▸ TASK GOAL: For the entries below, the expected answer is the line with "Best Sports Bras For Running Removable Pads", the line with "a black nexaro", and every line between them, exactly as written, and nothing more.

┄┄┄┄┄┄┄┄┄┄

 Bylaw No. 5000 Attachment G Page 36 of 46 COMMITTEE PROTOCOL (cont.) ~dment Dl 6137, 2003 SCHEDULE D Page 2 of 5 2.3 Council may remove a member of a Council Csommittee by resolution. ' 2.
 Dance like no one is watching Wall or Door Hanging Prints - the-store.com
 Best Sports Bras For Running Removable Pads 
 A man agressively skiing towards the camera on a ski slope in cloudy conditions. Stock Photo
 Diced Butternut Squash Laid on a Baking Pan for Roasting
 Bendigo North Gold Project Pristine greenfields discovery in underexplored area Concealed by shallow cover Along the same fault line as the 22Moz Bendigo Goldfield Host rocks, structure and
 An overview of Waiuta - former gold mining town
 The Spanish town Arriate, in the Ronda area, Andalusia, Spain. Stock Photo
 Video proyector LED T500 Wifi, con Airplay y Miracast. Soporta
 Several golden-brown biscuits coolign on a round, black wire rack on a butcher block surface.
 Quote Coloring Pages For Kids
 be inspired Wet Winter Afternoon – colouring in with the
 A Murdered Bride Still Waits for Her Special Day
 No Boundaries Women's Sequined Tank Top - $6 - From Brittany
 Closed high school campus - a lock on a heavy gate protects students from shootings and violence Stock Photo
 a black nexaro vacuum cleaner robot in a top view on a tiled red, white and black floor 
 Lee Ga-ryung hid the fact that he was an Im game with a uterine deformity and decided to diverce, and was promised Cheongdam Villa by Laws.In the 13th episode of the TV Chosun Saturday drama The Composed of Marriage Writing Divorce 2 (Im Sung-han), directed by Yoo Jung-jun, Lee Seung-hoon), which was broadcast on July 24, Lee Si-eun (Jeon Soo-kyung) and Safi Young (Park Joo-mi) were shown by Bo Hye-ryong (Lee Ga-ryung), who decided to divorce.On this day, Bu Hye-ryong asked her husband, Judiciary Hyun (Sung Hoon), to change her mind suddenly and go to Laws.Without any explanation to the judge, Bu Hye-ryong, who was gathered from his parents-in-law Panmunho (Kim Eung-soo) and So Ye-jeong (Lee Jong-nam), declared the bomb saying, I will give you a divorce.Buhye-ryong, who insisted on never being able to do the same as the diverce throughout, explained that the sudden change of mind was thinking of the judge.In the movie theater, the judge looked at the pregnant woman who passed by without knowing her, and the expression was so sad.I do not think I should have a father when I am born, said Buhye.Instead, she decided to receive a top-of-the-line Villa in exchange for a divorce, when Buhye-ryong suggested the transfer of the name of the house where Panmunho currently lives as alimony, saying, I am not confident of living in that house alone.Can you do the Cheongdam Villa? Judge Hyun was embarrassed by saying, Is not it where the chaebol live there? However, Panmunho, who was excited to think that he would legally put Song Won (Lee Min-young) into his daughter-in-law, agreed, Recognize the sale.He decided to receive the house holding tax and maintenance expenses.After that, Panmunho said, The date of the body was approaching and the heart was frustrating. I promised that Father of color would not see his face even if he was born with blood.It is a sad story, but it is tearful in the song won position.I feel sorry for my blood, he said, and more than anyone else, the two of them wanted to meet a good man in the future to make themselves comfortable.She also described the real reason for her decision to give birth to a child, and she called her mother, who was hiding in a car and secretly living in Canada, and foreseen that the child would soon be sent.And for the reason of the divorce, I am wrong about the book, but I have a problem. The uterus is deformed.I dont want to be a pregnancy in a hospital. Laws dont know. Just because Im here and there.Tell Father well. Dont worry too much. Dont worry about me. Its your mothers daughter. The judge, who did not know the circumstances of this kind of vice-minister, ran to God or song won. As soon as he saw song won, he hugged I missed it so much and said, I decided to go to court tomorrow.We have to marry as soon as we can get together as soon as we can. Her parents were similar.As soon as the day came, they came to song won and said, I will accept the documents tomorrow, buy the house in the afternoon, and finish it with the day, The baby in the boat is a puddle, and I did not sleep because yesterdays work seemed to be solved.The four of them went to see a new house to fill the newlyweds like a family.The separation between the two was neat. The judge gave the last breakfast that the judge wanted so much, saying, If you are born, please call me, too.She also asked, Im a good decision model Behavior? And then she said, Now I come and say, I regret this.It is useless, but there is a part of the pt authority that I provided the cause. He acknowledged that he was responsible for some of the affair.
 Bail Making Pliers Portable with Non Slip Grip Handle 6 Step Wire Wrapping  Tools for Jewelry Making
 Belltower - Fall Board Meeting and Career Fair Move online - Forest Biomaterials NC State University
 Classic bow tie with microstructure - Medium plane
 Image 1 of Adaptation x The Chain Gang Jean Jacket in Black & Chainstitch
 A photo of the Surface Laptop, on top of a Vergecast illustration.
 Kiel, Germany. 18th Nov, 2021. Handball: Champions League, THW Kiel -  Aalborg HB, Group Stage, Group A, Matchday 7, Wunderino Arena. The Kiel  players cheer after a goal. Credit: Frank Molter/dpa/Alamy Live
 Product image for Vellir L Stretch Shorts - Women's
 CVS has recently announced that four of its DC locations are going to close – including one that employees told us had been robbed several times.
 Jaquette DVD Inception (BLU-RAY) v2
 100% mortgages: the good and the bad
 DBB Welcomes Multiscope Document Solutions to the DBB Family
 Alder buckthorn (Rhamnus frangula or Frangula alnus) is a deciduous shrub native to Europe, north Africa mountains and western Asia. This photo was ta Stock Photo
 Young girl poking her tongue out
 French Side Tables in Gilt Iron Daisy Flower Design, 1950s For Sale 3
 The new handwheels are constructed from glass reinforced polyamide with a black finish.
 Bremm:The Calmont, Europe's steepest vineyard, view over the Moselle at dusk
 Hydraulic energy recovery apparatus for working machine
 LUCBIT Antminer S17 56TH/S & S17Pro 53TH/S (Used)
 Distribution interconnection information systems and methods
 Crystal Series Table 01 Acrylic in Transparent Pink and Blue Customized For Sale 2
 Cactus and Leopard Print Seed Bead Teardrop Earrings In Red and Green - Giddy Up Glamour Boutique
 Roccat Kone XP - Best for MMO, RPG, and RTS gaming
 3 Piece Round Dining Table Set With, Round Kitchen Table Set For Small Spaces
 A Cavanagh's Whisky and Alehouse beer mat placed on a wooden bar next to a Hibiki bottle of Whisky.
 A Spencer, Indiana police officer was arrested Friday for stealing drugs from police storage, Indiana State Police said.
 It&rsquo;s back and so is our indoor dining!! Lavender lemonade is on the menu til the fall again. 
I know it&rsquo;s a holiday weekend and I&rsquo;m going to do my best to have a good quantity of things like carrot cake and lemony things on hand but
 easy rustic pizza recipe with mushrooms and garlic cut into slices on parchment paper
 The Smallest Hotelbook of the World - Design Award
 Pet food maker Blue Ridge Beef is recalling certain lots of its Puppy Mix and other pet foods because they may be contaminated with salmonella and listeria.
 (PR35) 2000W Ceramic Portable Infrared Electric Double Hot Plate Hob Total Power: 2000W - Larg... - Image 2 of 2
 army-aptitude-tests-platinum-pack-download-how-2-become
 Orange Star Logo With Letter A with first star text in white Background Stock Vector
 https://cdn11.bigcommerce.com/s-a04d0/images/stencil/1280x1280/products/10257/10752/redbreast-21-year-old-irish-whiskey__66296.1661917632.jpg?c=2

┄┄┄┄┄┄┄┄┄┄

▸ ANSWER TO THE PROBLEM:
 Best Sports Bras For Running Removable Pads 
 A man agressively skiing towards the camera on a ski slope in cloudy conditions. Stock Photo
 Diced Butternut Squash Laid on a Baking Pan for Roasting
 Bendigo North Gold Project Pristine greenfields discovery in underexplored area Concealed by shallow cover Along the same fault line as the 22Moz Bendigo Goldfield Host rocks, structure and
 An overview of Waiuta - former gold mining town
 The Spanish town Arriate, in the Ronda area, Andalusia, Spain. Stock Photo
 Video proyector LED T500 Wifi, con Airplay y Miracast. Soporta
 Several golden-brown biscuits coolign on a round, black wire rack on a butcher block surface.
 Quote Coloring Pages For Kids
 be inspired Wet Winter Afternoon – colouring in with the
 A Murdered Bride Still Waits for Her Special Day
 No Boundaries Women's Sequined Tank Top - $6 - From Brittany
 Closed high school campus - a lock on a heavy gate protects students from shootings and violence Stock Photo
 a black nexaro vacuum cleaner robot in a top view on a tiled red, white and black floor 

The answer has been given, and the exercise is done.